Drones and missiles create an air of menace
Hezbollah propaganda has sought to play on those vulnerabilities, posting video that it claimed was taken by a drone that penetrated some of Israel’s most sensitive sites, such as its naval base at Haifa, and returned to Lebanon with the images.
“Hezbollah has close to 100,000 rockets and missiles,” said Pinkas, “of which we believe 20 to 25,000 are precise missiles, meaning they could hit not just any random neighborhood, which is bad itself in and of itself, but infrastructure, power grids, oil refineries, Air Force bases and even the international airport right outside of Tel Aviv.”
Pinkas stressed that Hezbollah’s missiles bear little resemblance to the unguided and homemade Qassam rockets used by Hamas, which are propelled by fertilizer and sugar and have a range of less than 20 kilometers
Prior to October 7, 2023, Hamas was thought to possess some smuggled Grad 122mm rockets and perhaps dozens of homemade R-160 rockets, which can theoretically travel over 150 kilometres but have no guidance systems.
Hezbollah’s arsenal includes arms from Iran, Syria and China, and could include ballistic missiles as large as a Scud-B.
“The idea that technology or military, defensive military systems like the Iron Dome could conceivably shoot down with a 80 to 90 per cent success rate incoming missiles from Lebanon, the same way that was done with Hamas from Gaza, that’s fantasy,” said Pinkas.
“We’re talking thousands, if not tens of thousands, of missiles and rockets, some of which are precise and some of which are long-range. And Israel just doesn’t have that capability.”
Re-occupation risks a quagmire
The U.S. has also warned Israel that Hezbollah could be bolstered in the event of war by an influx of Shi’ite militiamen from outside of Lebanon.
The emergence of Iraq as a Shi’ite power means that Lebanon now borders a vast area of Shi’ite-dominated territory stretching nearly 2,000 kilometres east through Syria, Iraq and Iran.
The U.S. believes fighters could filter into Lebanon in the event of a ground war with Israel, bringing more Iranian and Syrian weapons with them.

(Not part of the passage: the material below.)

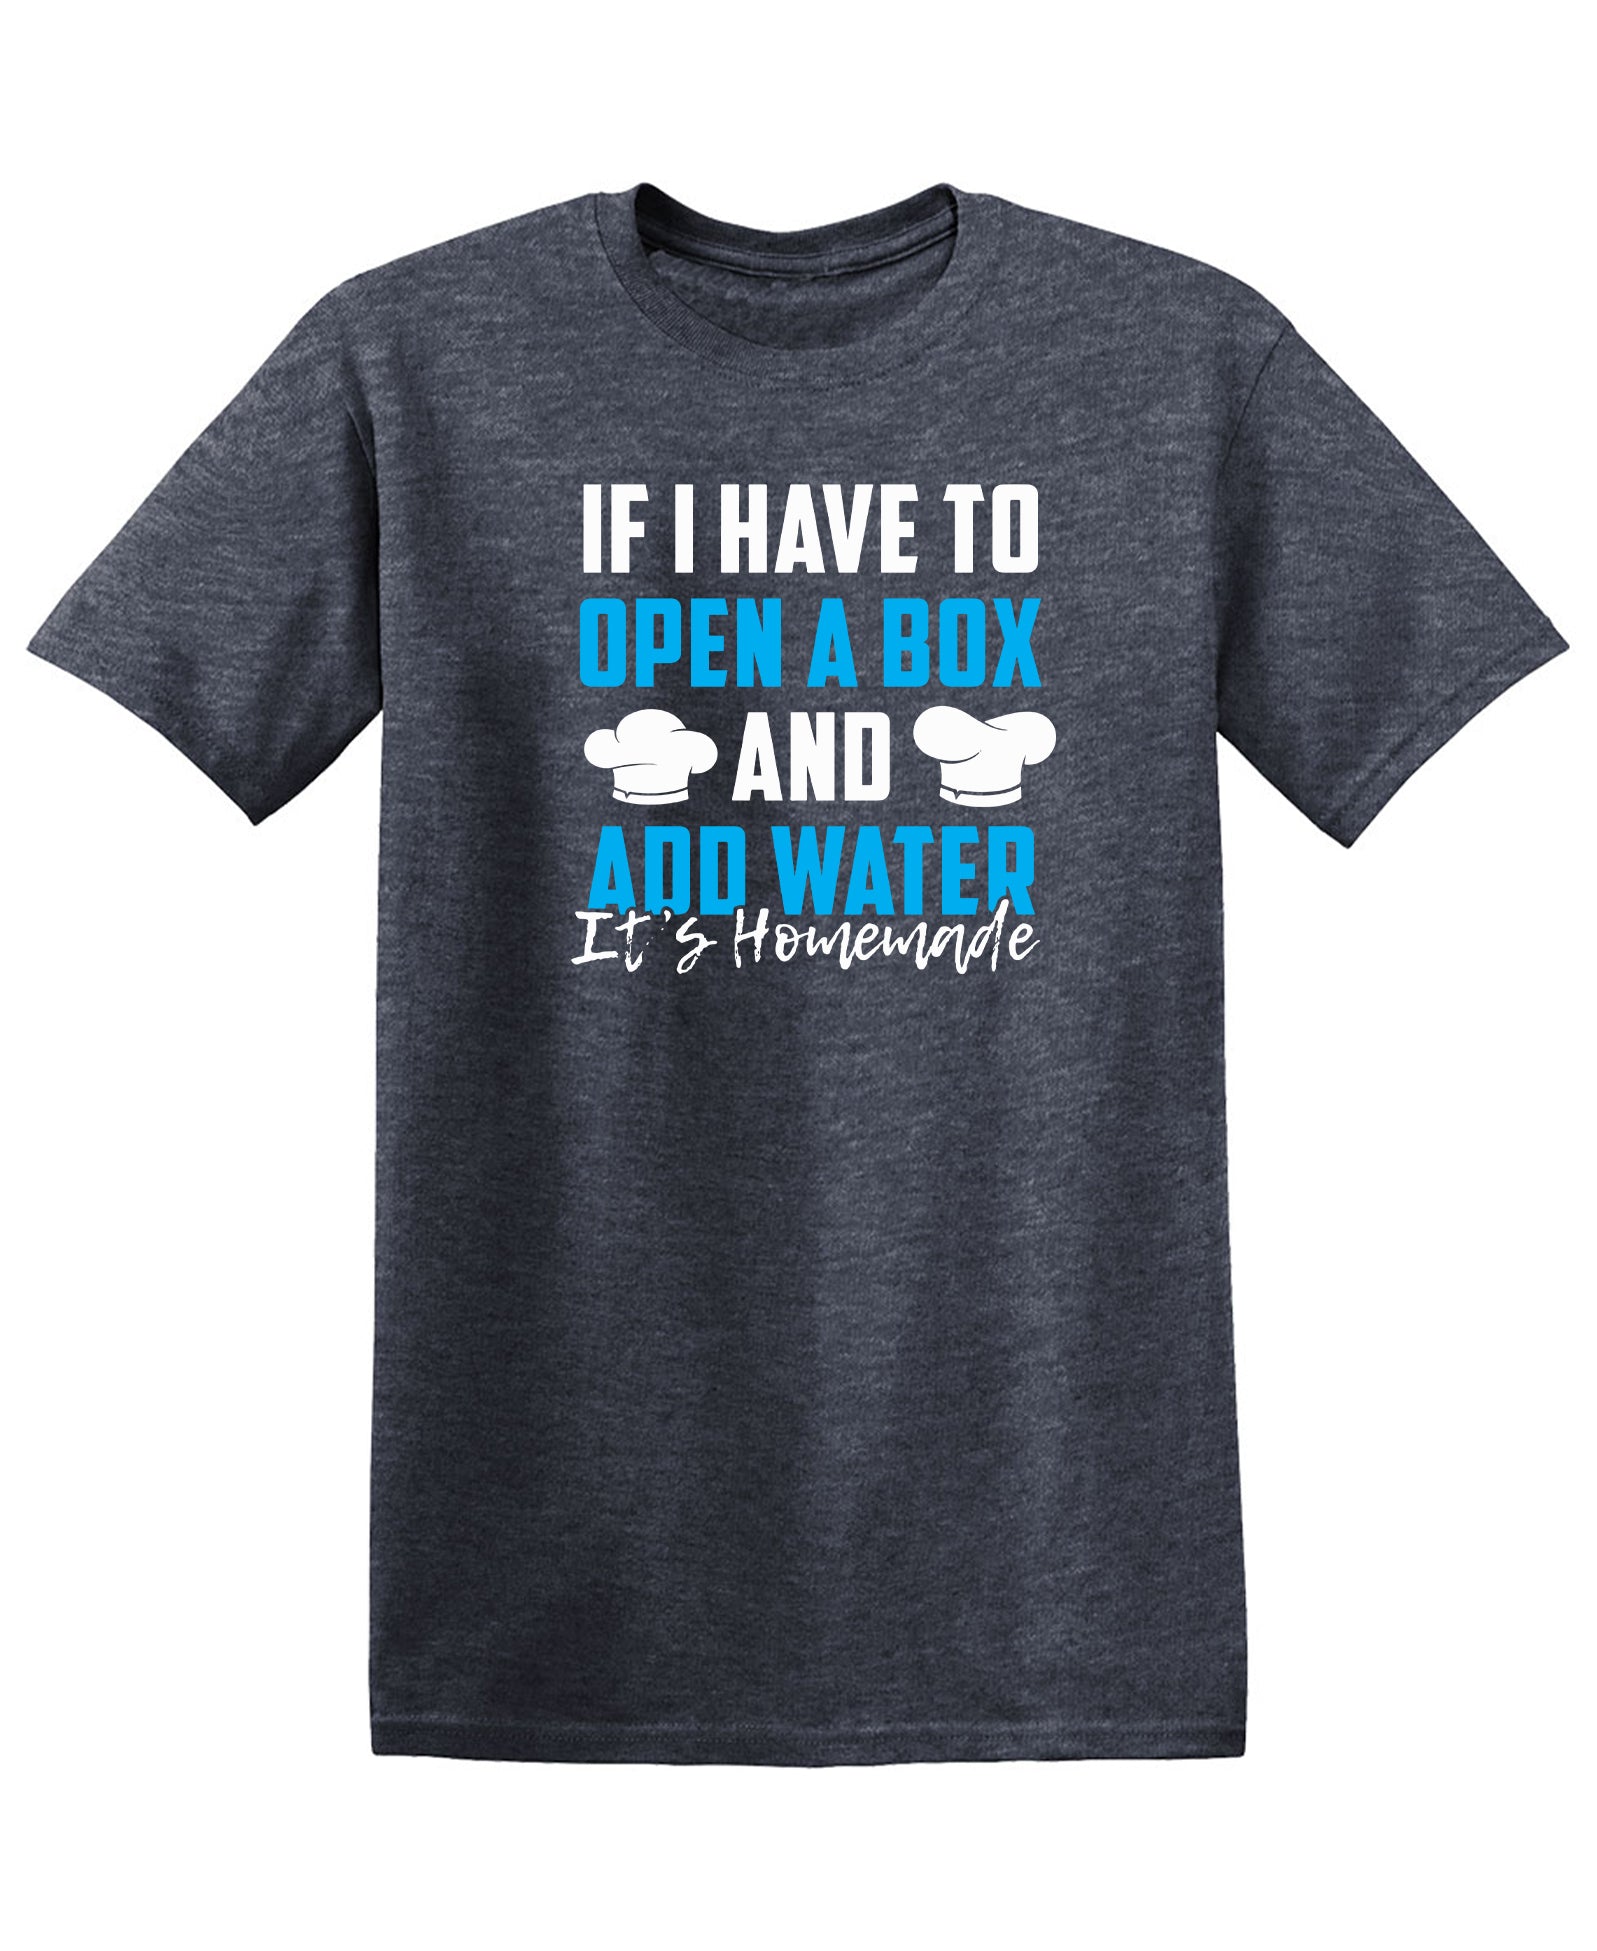 If I Have to Open a Box and Add Water, Its Homemade - Funny T Shirts & Graphic Tees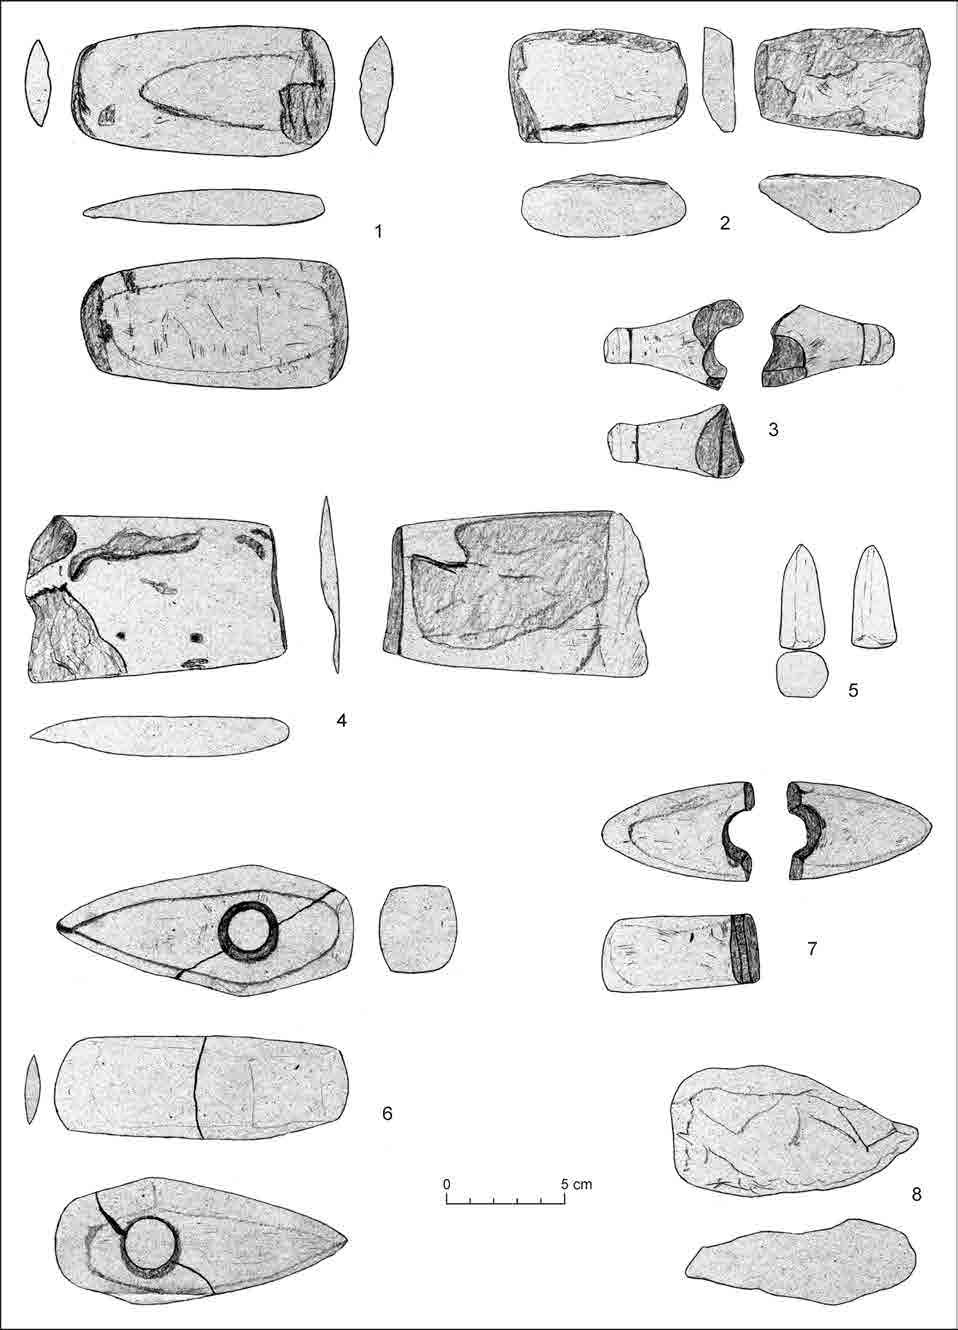 THE STONE IMPLEMENTS OF THE MIDDLE BRONZE AGE TELL SETTLEMENT OF

Some in the Israeli government have talked about re-occupying southern Lebanon to recreate the buffer zone that lasted from the first Israeli invasion of Lebanon in 1982 until the Israeli withdrawal in May 2000.
But Pinkas said Israelis have bitter memories of that first occupation, which led to the creation of Hezbollah as a force dedicated to driving the Israelis out.
“If Israel does in fact go back and reoccupy the so-called security zone — if that’s the idea — then Israel must be prepared for another South Lebanon, which is another Afghanistan, which is another Vietnam, and which, on top of that, does not solve the missile issue.”